Input data:
·····

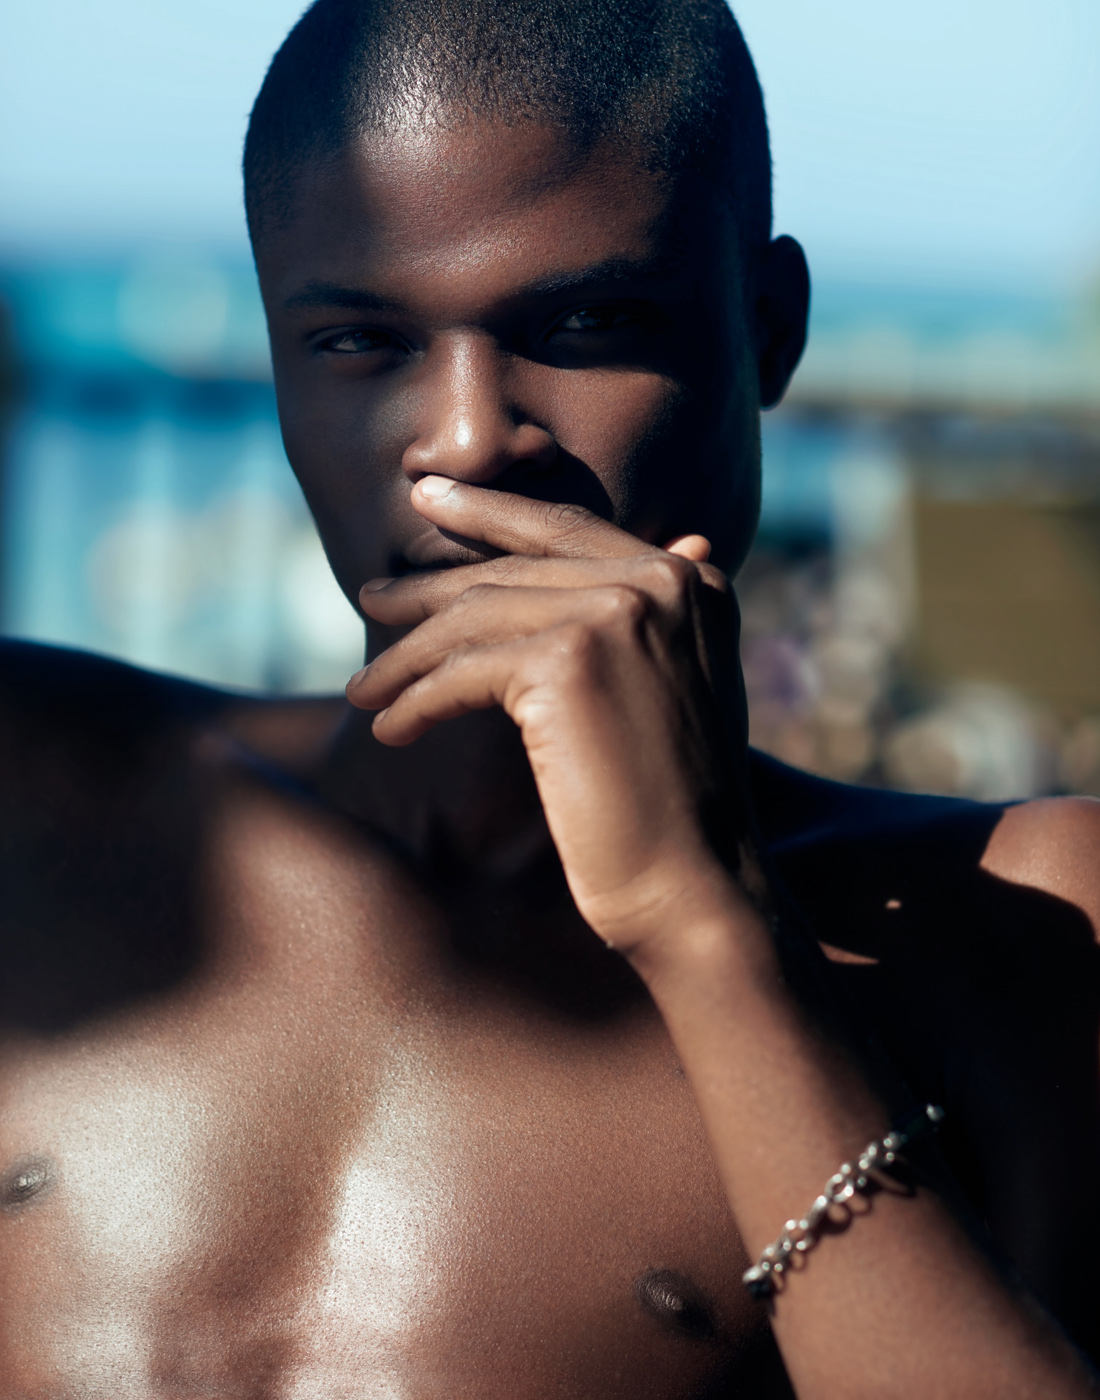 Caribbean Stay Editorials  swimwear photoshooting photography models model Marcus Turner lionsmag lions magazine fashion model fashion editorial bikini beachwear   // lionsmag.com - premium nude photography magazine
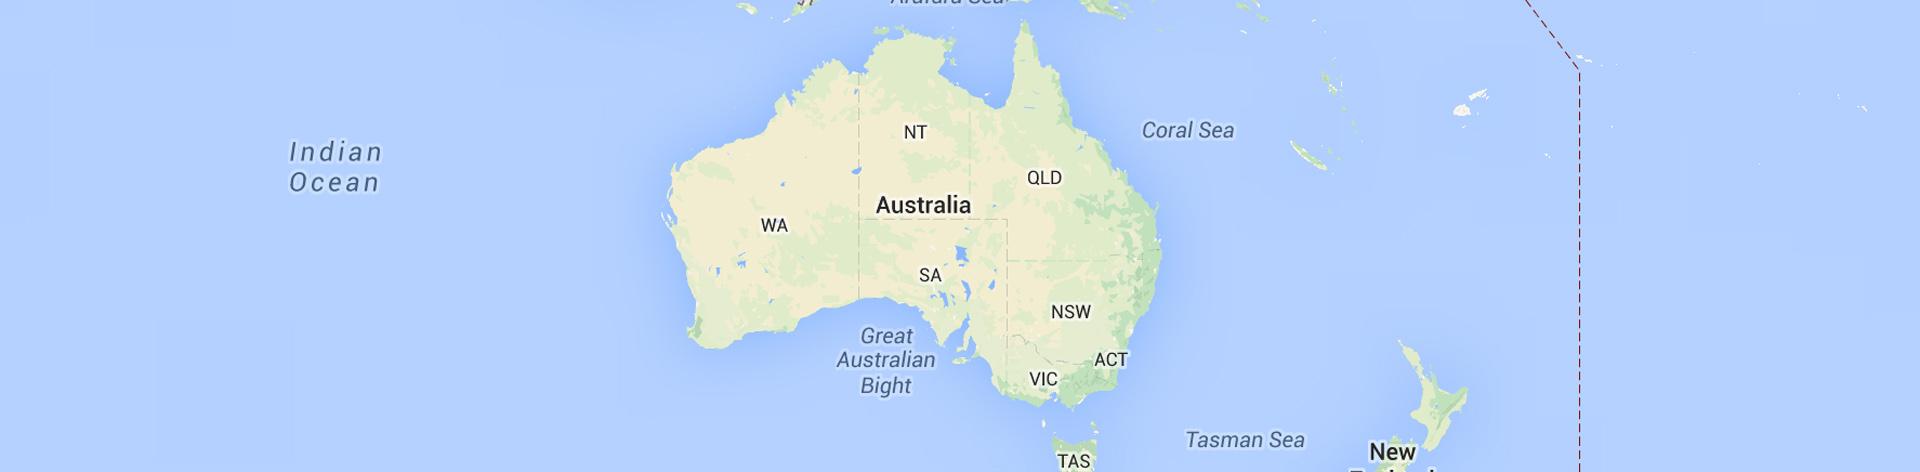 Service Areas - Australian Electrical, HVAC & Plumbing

·····

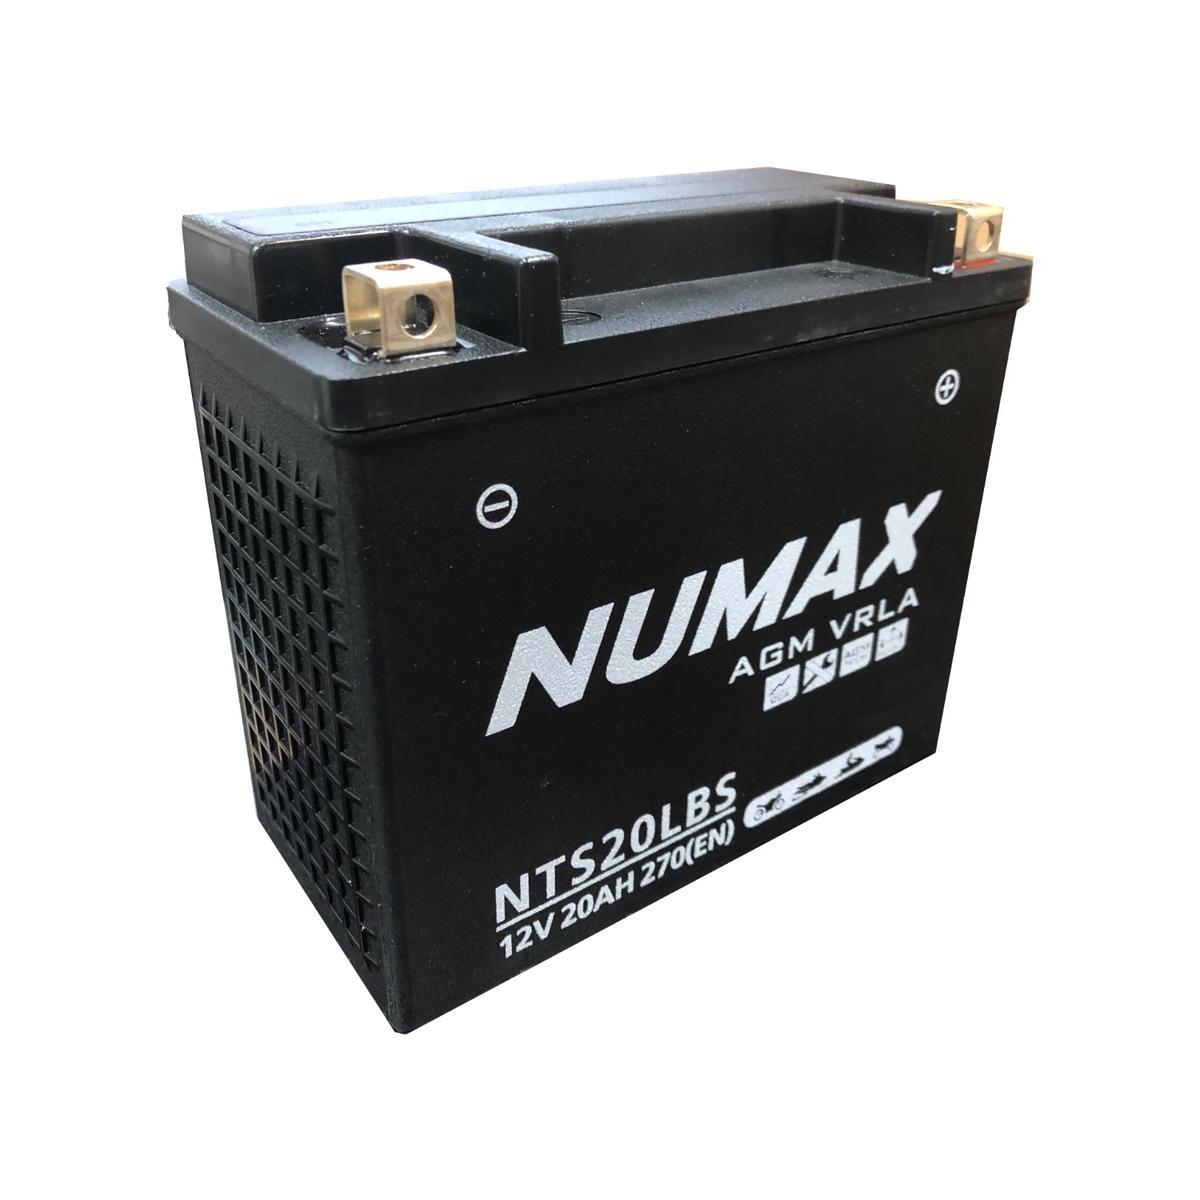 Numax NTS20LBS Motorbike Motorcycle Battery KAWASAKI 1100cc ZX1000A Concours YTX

·····

Work required: Between and including the line above that contains "Caribbean Stay Editorials" and the line that contains "Service Areas - Australian", restate every line word for word. Pictures stay out.

Task result:
 Caribbean Stay Editorials  swimwear photoshooting photography models model Marcus Turner lionsmag lions magazine fashion model fashion editorial bikini beachwear   // lionsmag.com - premium nude photography magazine
 Service Areas - Australian Electrical, HVAC & Plumbing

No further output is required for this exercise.